We shouldn’t look to journals to learn how AI will change science as their whole existence is predicated on the paper as the fundamental unit of knowledge0. Their immediate concern – for which these rules are a band aid – is working out how LLMs will affect the process of generating papers. The wider question and the more important one is how to epistomologise1 with AIs and how to avoid being swamped by the tsunami of crap that AI enables. There are probably others, but worrying about how AI will affect a practice that’s already on its way out2 is only a major concern if you think the current system is great and doesn’t create the exact conditions in which someone would consider using an AI to write papers for them. The status quo is already something of a shambles that seems to have some working parts despite itself and it will probably always be a bit of a shambles no matter how we seek to improve it, but we should at least try.

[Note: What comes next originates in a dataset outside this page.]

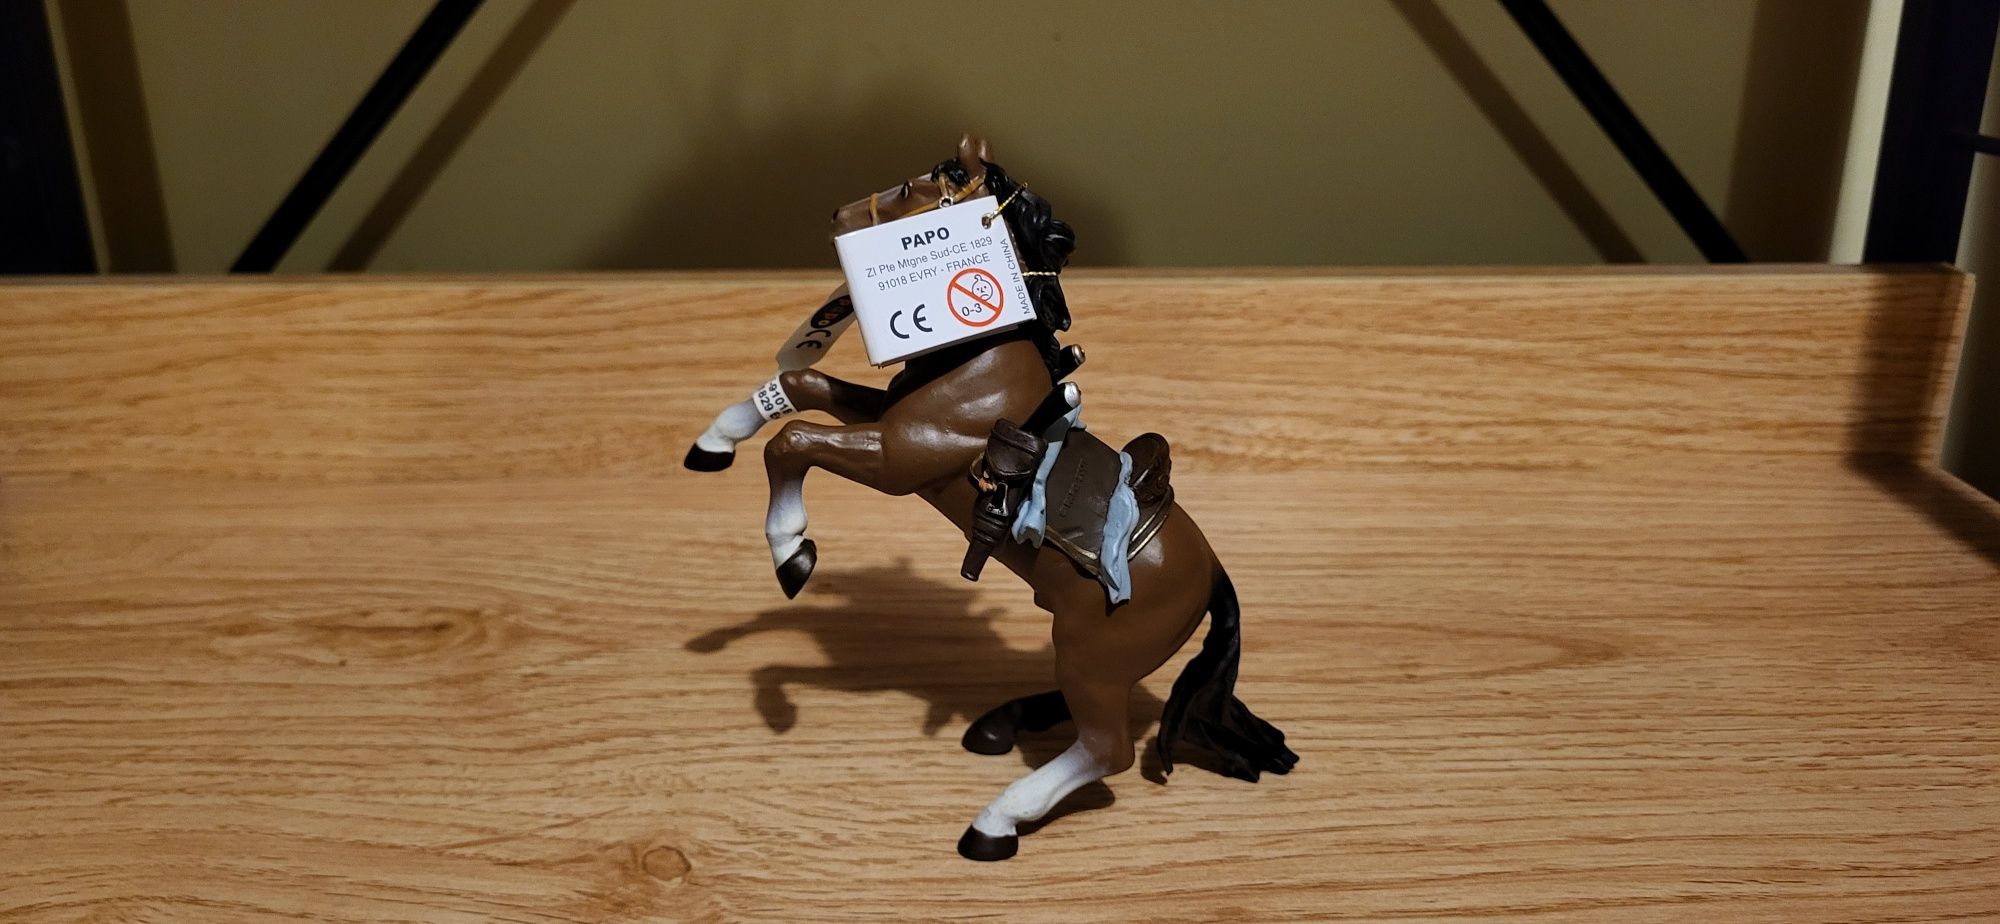 Papo koń muszkieterów figurka model z 2001 r.

There are already journals full of paper mimics – texts that look like papers but contain nothing of use. This paper was widely ridiculed for using capital-Ts in place of error bars in one of its figures, but if one dips into other papers in the same special issue, it’s evident that the ratio of actual papers to mimics is low, a ratio that my limited sampling of the whole journal suggests is fairly standard (the publisher is a bit of a tell here). The T-error-bar paper has been retracted, presumably in response to the attention it gathered, but the rest remain, with many being a confection of copy-pasted text book science, uncaptioned figures, nursery-level schematics, non-sequiturs and general weirdness. This is just one journal of the thousands that are out there. If these papers are being used as CV-filler, or serving some other nefarious purpose, then AI could at least make them readable.

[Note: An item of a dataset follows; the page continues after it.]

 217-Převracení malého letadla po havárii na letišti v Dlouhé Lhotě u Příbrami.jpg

AIs are built into much of the software we use, so are already unavoidable. Not all of it is yet as sophisticated as something like ChatGPT, but widely used tools like Word and Grammarly can already finish sentences for you, or rewrite whole texts to be more fluent, to sound more confident or more professional. This is not a new phenomena either, it’s just widely available now and cheap. LLMs can be used in lots of ways short of creating whole texts out of nothing, so it seems inevitable that they will be incorporated into writing tools in lots of different ways which are hard to guess right now. AI more broadly have an infinite number of applications.

I’ve played around with LLMs (ChatGPT and, very briefly, Galactica), asking them to do the following tasks which I would find useful.

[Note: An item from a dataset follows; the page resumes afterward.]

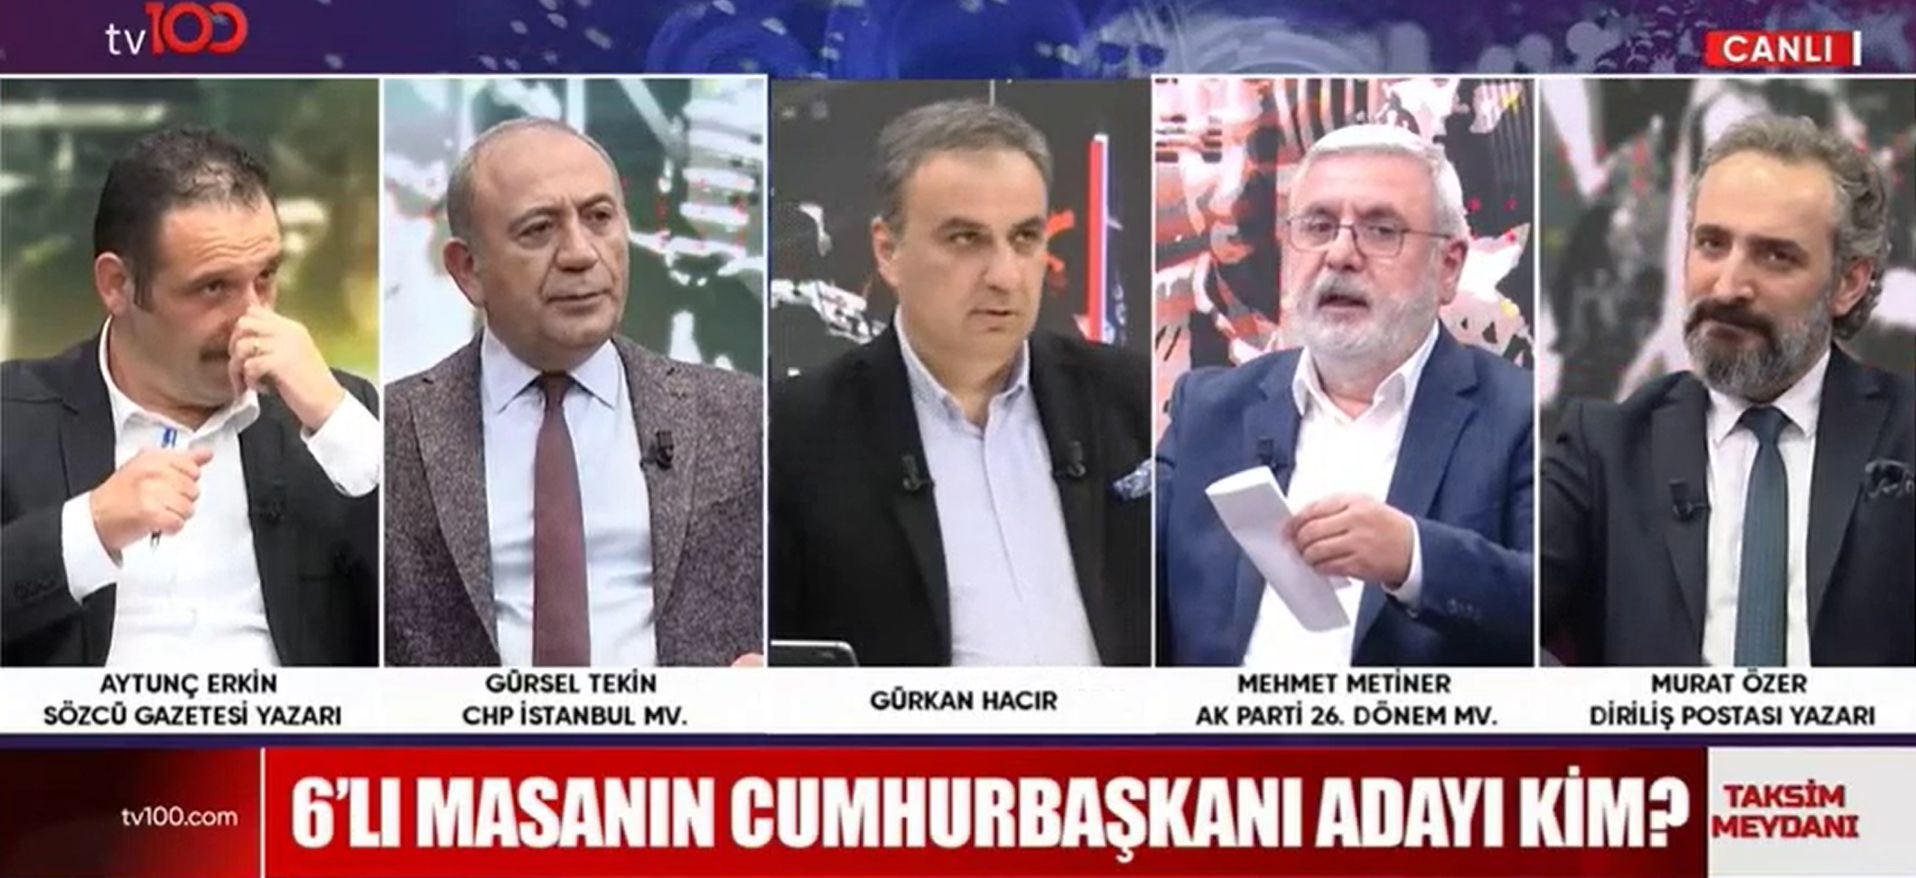 Erdoğan olmazsa Mehmet Metiner'in oyu Gürsel Tekin'e

  1. Turn my garbled notes into coherent paragraphs
  2. Rewrite my already written semi-coherent, comma-soaked, parenthetically-baggy paragraphs
  3. Shorten a rambling3 text.
  4. Pull out key points from a text.
  5. Summarise a text4
  6. Generate introductory material on a topic.
  7. Generate a first draft based on some key facts5
  8. Rewriting my text as an 80s power ballad.

The list goes on and on and on. At the moment, the results are barely worth the effort. When asked to tell me what the key points from a paragraph were, it gave me an itemised list of all the sentences in the paragraph. It did an OK job of turning notes into text, but its interpolations were rather more creative than I was comfortable with. Introductory material was a mix of sensible stuff and confident bafflegab. The AIs need close supervision for all these tasks (except for the power ballad one), but they’ll get better fast. That doesn’t mean they won’t need supervision though. It rather depends on the use.

Various people have pointed to clear failures of logic by LLMs, but it’s not like computers can’t understand logic, it’s just that logic doesn’t emerge in the statistical models on which current LLMs are based. There’s no reason why they can’t be added separately. I would also point out that many scientists are not great at logic either, despite how they are often portrayed in popular culture.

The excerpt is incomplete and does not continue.